Neither side believes the other has offered enough for talks to reach a conclusion, with the British government deriding the EU for its hard-line stance on fisheries and the EU calling for the UK to cede ground in other key areas such as business subsidies.

The deadlock was set to continue overnight, when Mr Johnson and European Commission President Ursula von der Leyen were due to discuss the impasse in a video call.

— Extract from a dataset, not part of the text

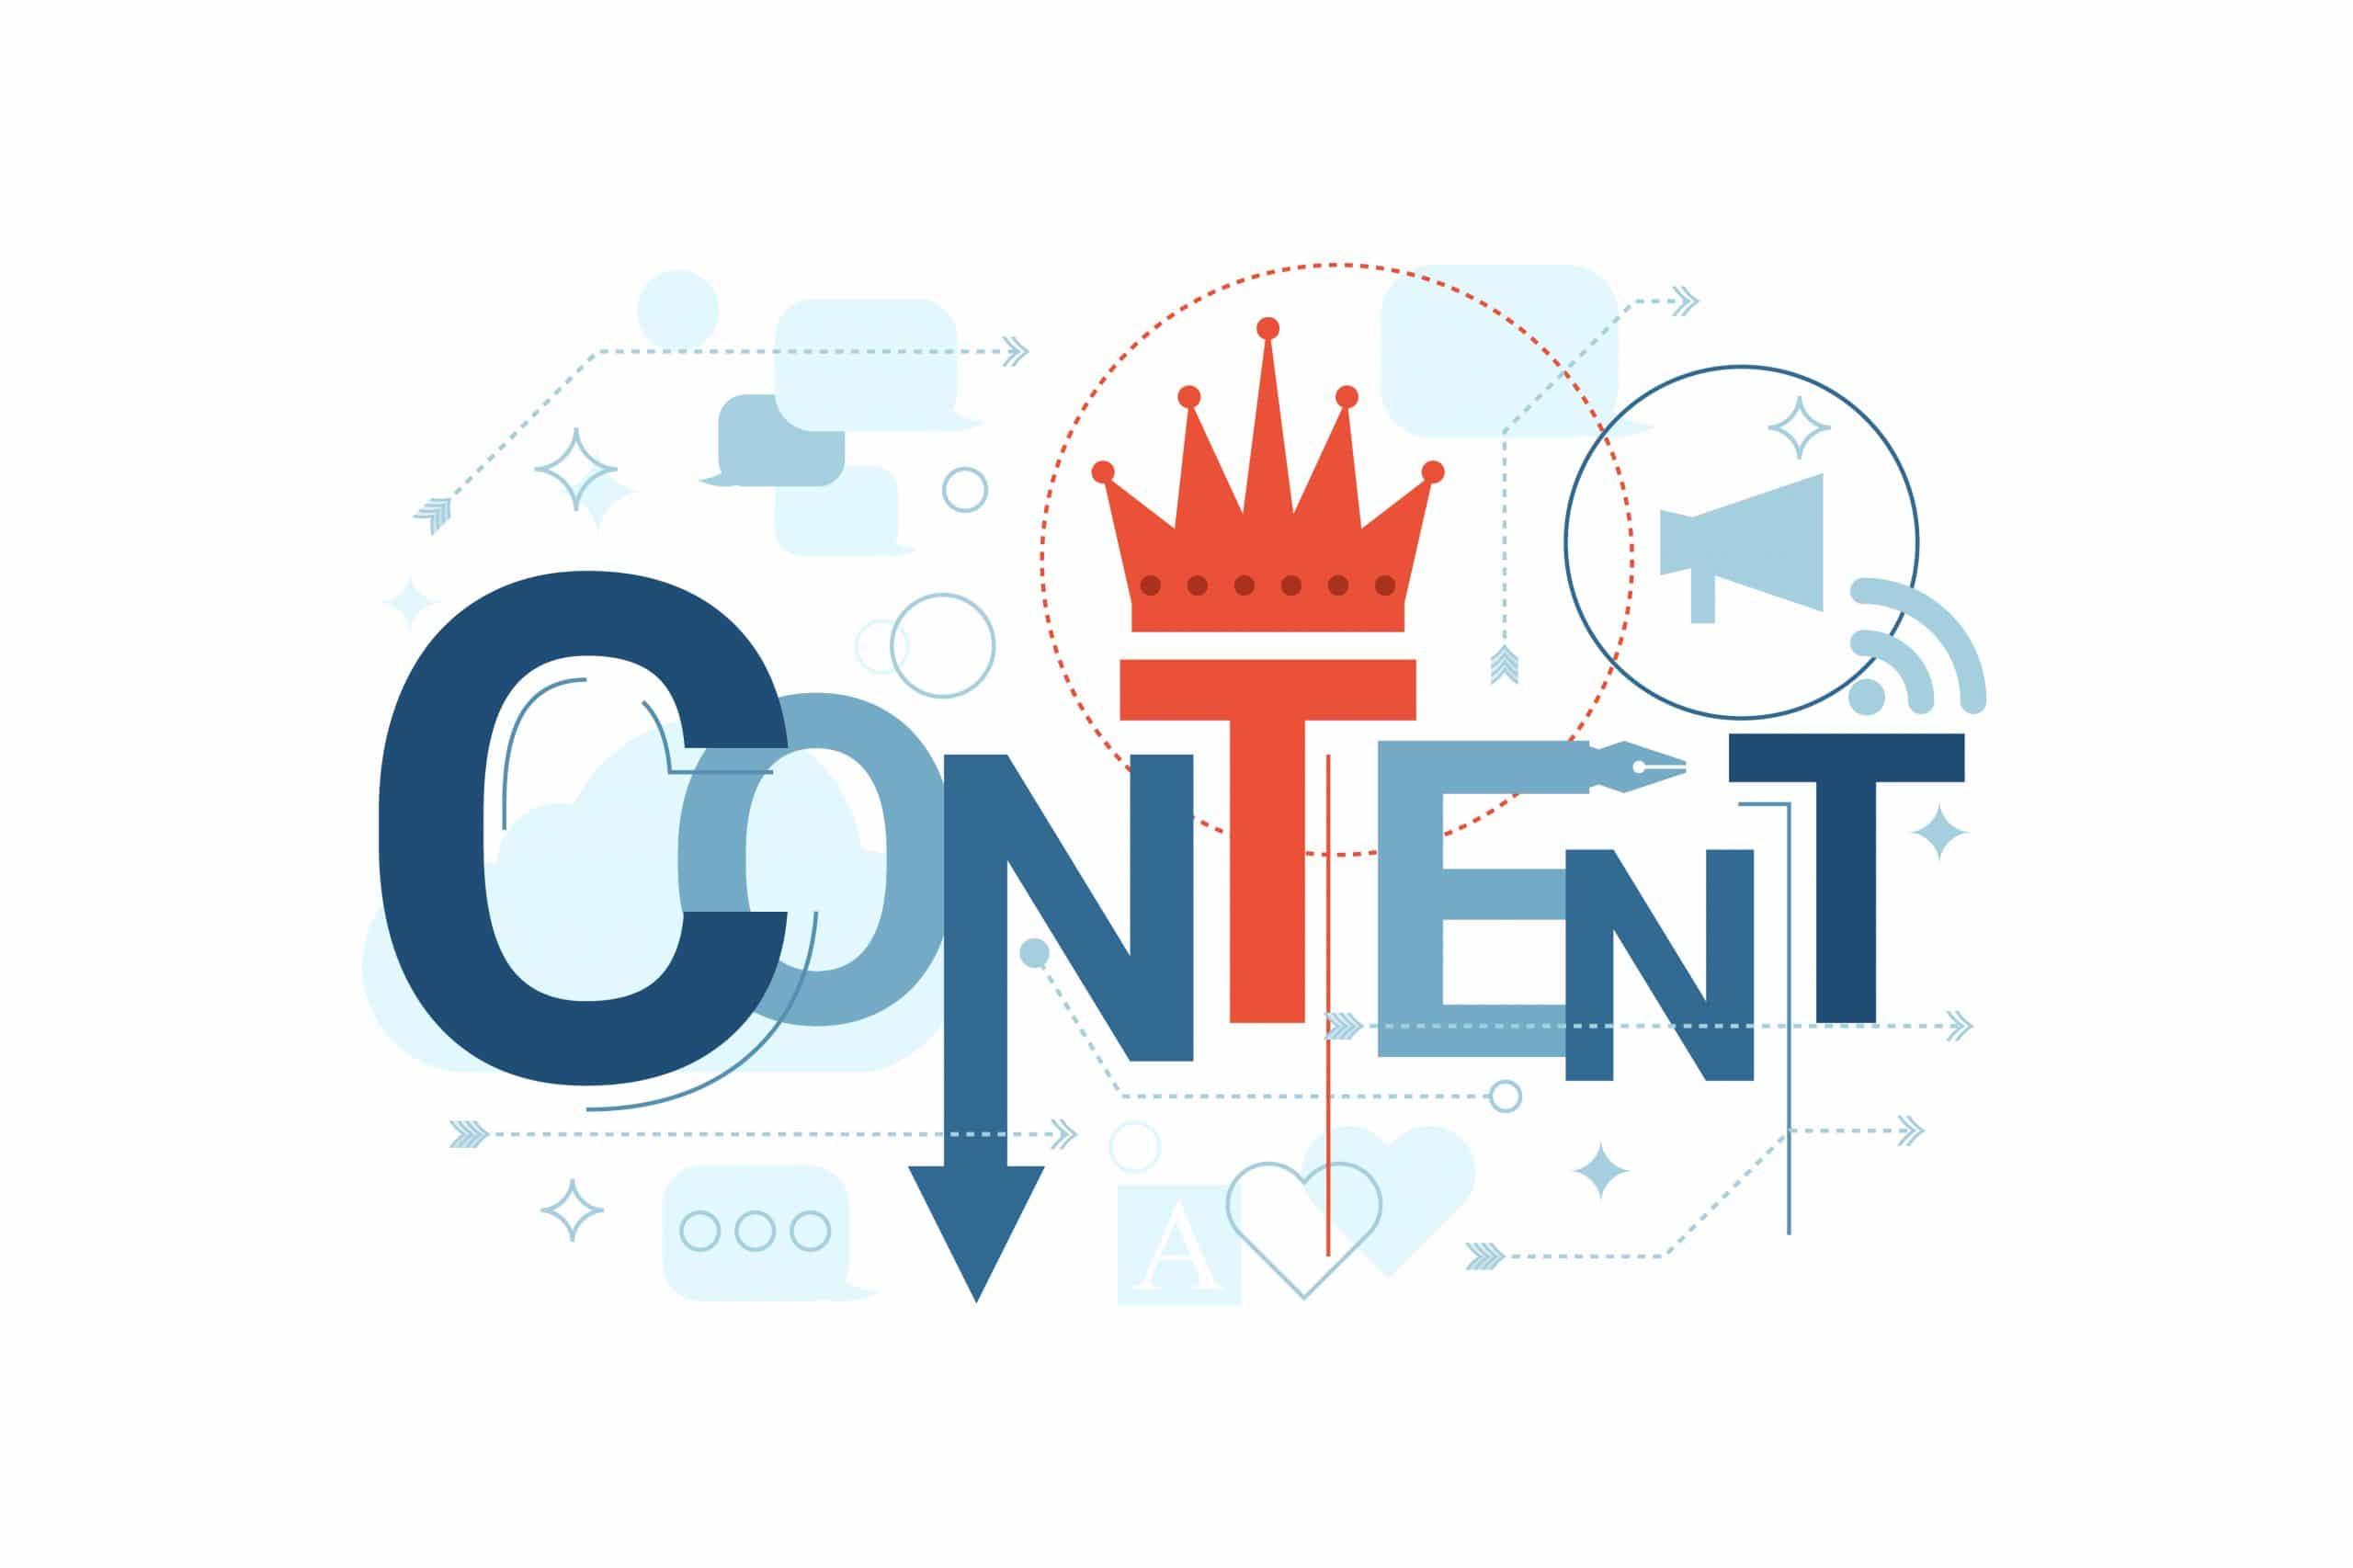 Content: Content-Driven Marketing Vs. Content Marketing

The prime minister has said he will walk away from the negotiatio­ns if there is no clear progress by today, when EU leaders hold a summit in Brussels.

“We want an agreement,” German Chancellor Angela Merkel told a virtual EU conference. “But we also have to take into account the reality: an agreement has to be in the interests of both parties, in British interests as well as the interests of the 27-member European Union.”

Failure t o secure an accord would see Britain leave the single market and customs union at yearend without a trade deal in place, triggering disruption and additional costs for millions of businesses and consumers already reeling from the coronaviru­s.

At the summit in Brussels, the 27 EU leaders will say that “progress on the key issues of interest to the Union is still not sufficient for an agreement to be reached”.

Speaking to a meeting of EU European affairs ministers in Luxembourg, the bloc’s chief negotiator, Michel Barnier, said not enough progress has been made for the talks to enter the intensive final phase, according to officials close to the discussion.

A spokesman for Mr Johnson responded by saying the UK was ready to leave without a deal.

A British official, speaking on condition of anonymity, said the EU had run the clock down deliberate­ly and now needed to up the pace and inject some creativity to save the deal. The official also expressed frustratio­n at the EU’s position, saying the UK had moved a long way since the beginning of the year.

One of the key obstacles to a deal remains what access EU boats will have to UK fishing waters.

France wants the same rights it enjoys today under the EU’s Common Fisheries Policy, something the UK government has rejected.